BY CONNOR BURNS ’13
Senior Staff Writer

American politics borders on blood sport. At the end of the day people are competing for power over one of the highest offices to ever exist in the course of human history. The contest is necessarily contentious.

Mitt Romney decisively won the first presidential debate. However, I must bring up he used a series of factual inaccuracies and pivoted heavily to the center, probably misrepresenting himself on a series of issues. Bizarrely, he targeted Big Bird as a sign of government waste.

Following the debate, he immediately jumped in the national and state polls, a lead he appears to be sustaining.

This is typical for challengers after a first debate, as it is the first time that they appear on stage and on the same level as the sitting POTUS. Although the morning after the debate unemployment was announced to be officially below eight percent for the first time in Obama’s presidency, many political commentators saw an obvious momentum for the previously anemic Romney campaign. Since the convention, Obama had dominated the election narrative. The first debate changed that and the election has tightened.
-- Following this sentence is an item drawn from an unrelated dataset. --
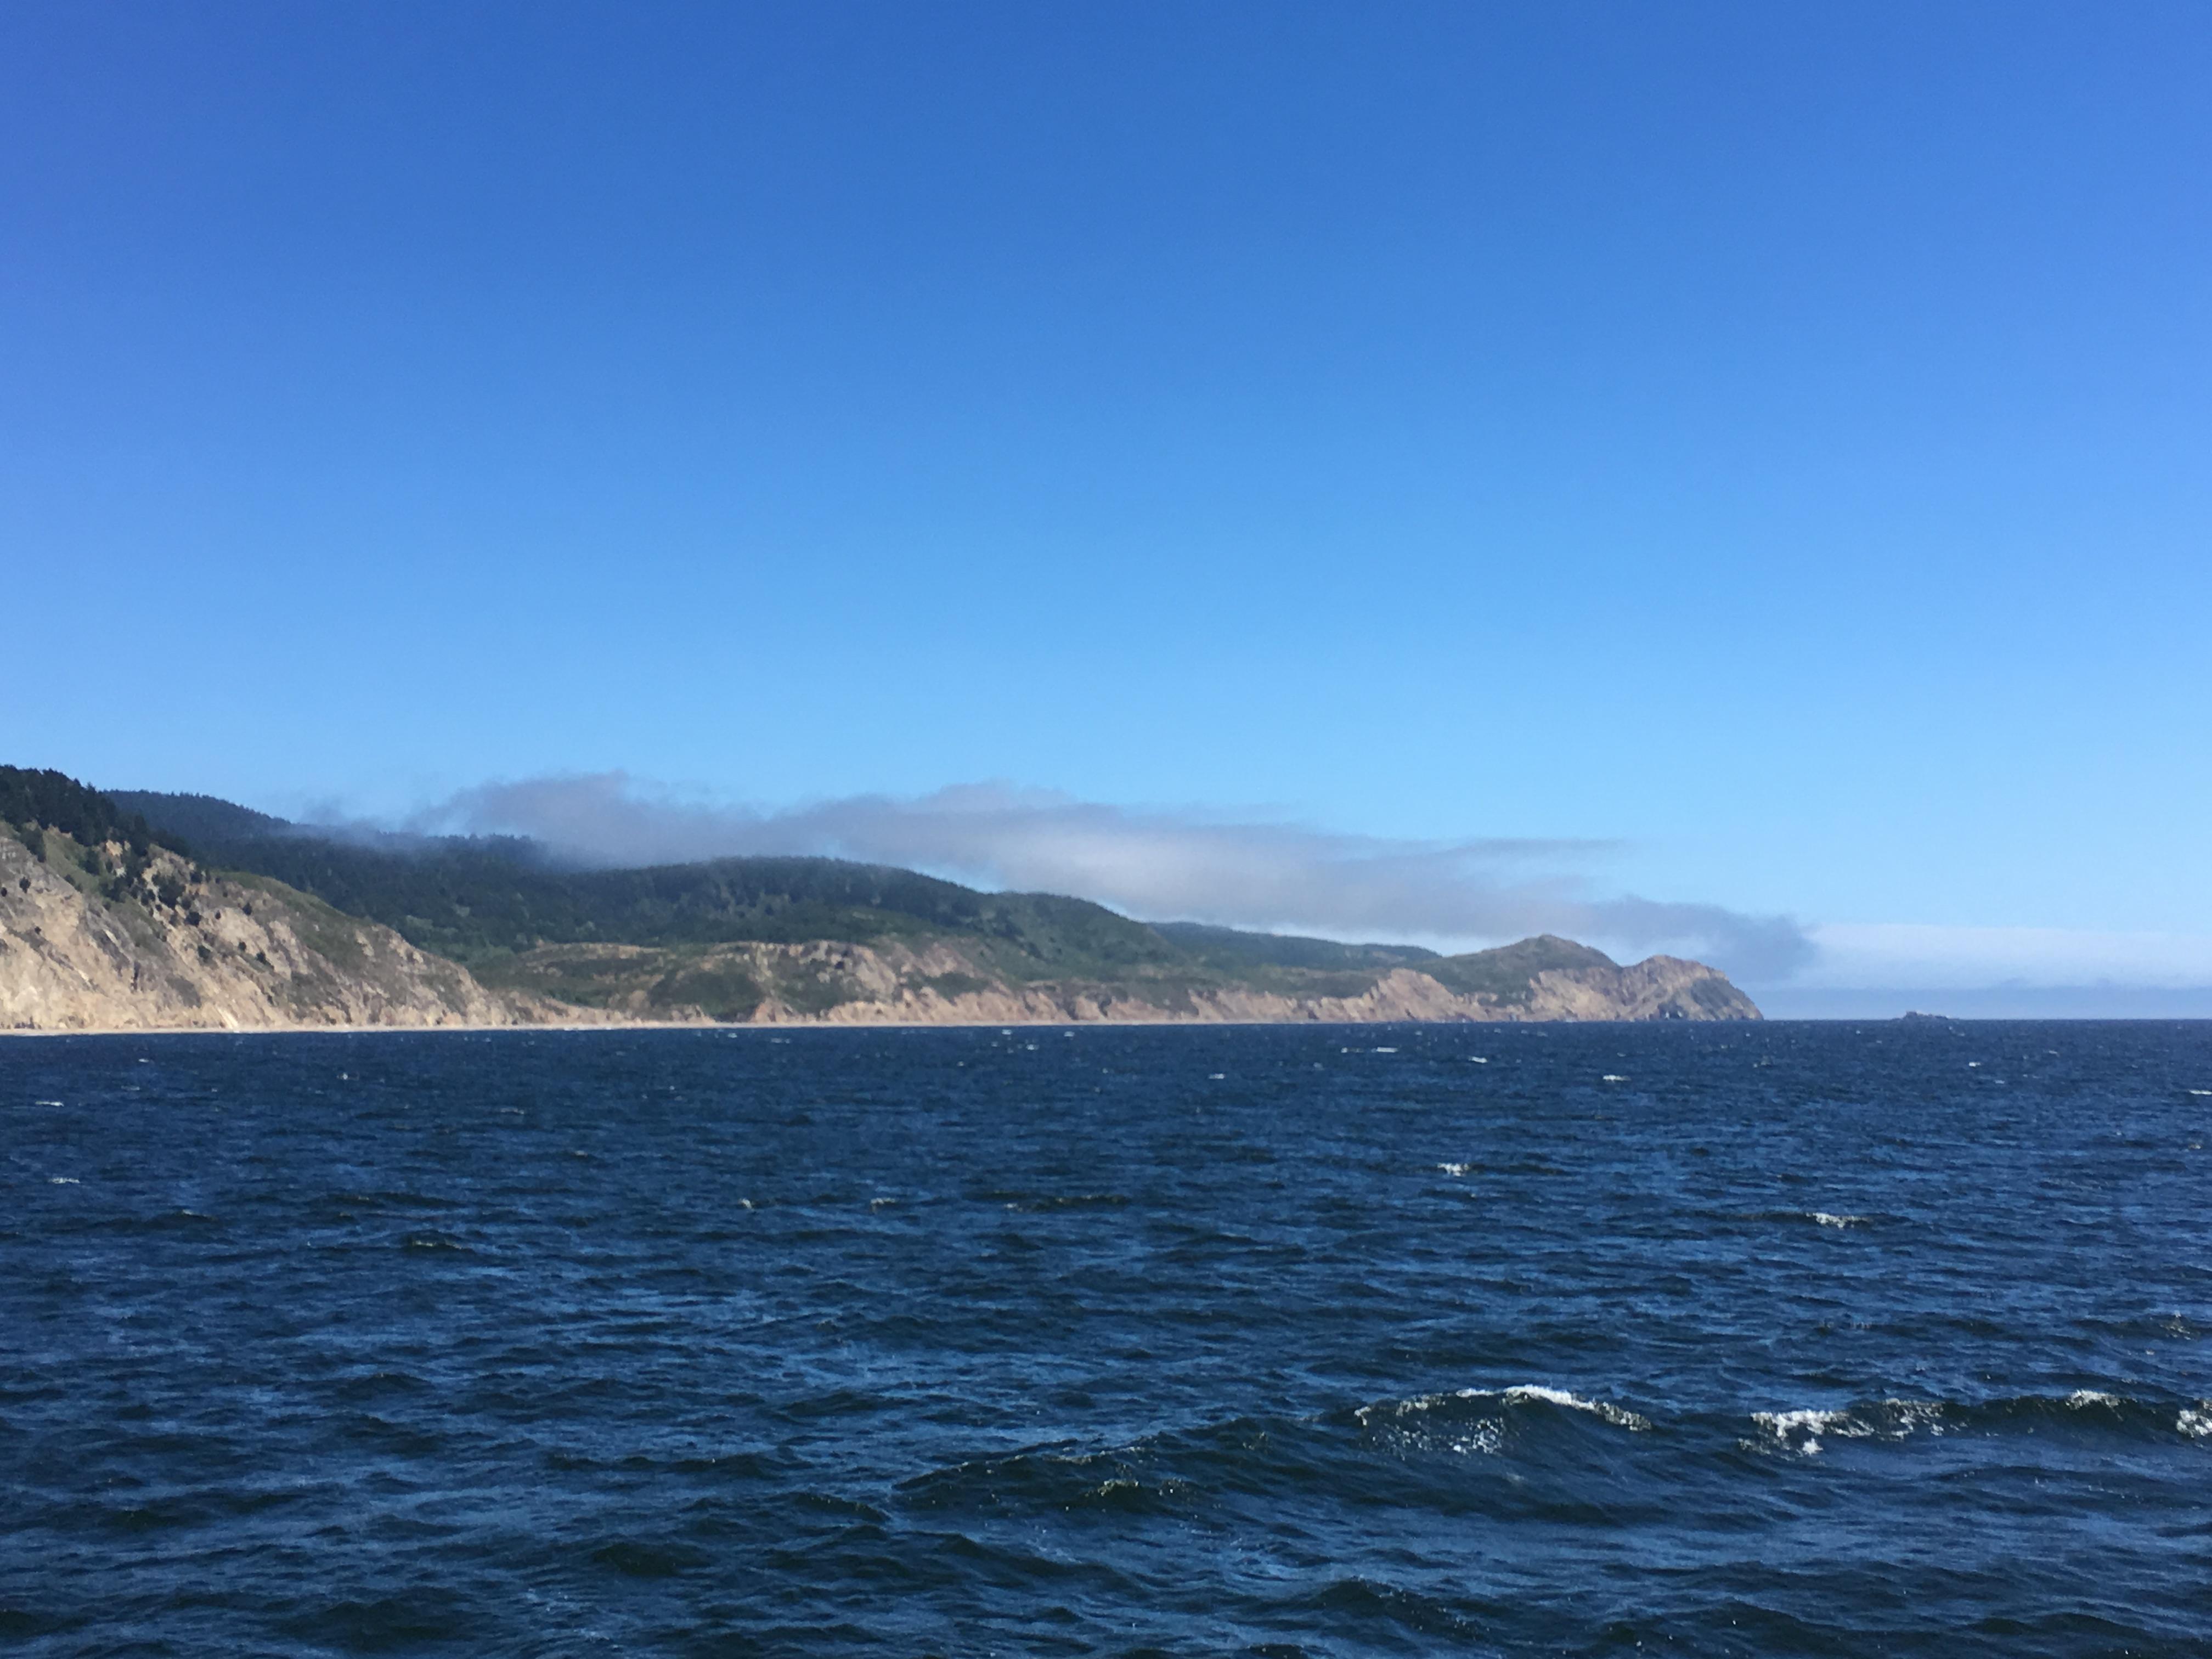 BoBolinas Pointlinas Point
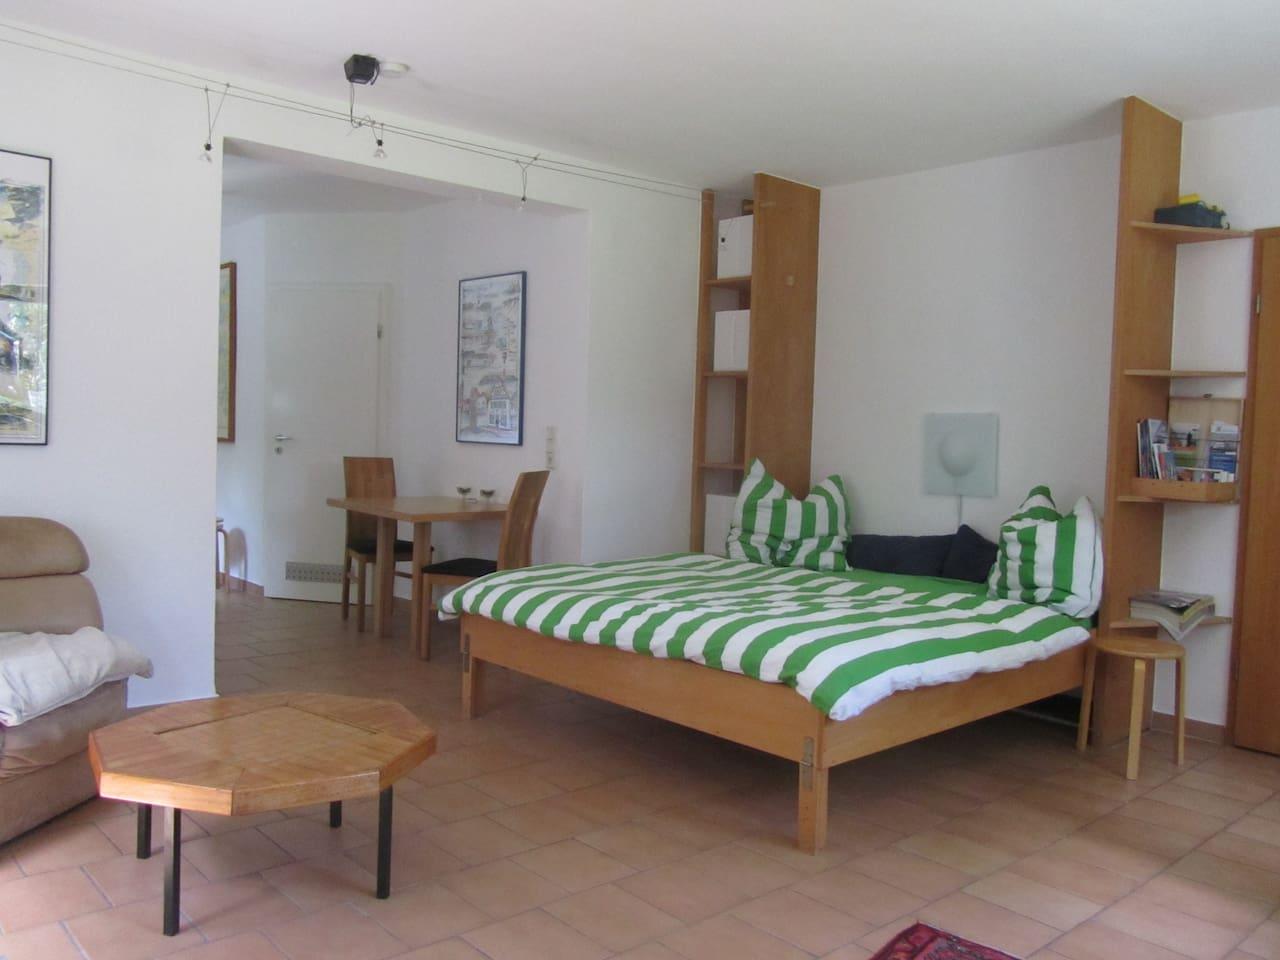 Doppelbett mit Blick auf die Ess- und Sofaecke

Vice President Joe Biden and Representative Paul Ryan had their only scheduled debate Thursday. Biden, notoriously gaffe-prone, delivered what liberals widely consider an effective beat down on a series of issues President Obama had whiffed on a week before. Biden quickly delivered, drawing blood on Romney’s 47 percent video, bringing up tax returns, and questioning the Romney/Ryan ticket’s commitment to the middle class.

At the same time many pundits and bloggers criticized Biden’s demeanor as condescending and immature. Considering his strength in terms of substantive debate, that charge seems unlikely to stick. In any event Biden aptly framed the terms of attack the Obama campaign wishes to bring against Romney.

VP debates typically don’t matter and this one will likely be forgotten as well, but it changes the momentum for Tuesday at Hofstra, and establishes a better position for Obama there.

Few people predicted Obama would need to stabilize his campaign after the first debate. The bar was set exceptionally low for Romney’s performance, and substantively it’s not clear to me that Obama lost, though Romney performed better telegenically, always smiling and looking up. The media—and the entire left—panned his performance. Those same liberals who contemplated moving to Canada after Obama’s first debate performance of 2012 reacted with ecstatic revelation to Biden’s debate performance, but neither debate matters overly much.

Although Romney has begun to be able to define himself, Obama still has his number.

Mitt Romney has far, far too long to go to have any realistic chance of winning the election. Obama’s lead in Ohio forces Romney to win all of the other states in play in the 2012 Electoral College, which is impossible. Ohio received too much help from the auto bailout and has too low of unemployment for Team Romney to open up a lead there or even to close the gap.

Although the recent polling represents great progress for Romney (and a vindication of lying and false centrism), his campaign is in too deep a ditch, especially if the economy continues to improve. Although he recovered from freefall, a Romney victory remains an extremely remote possibility.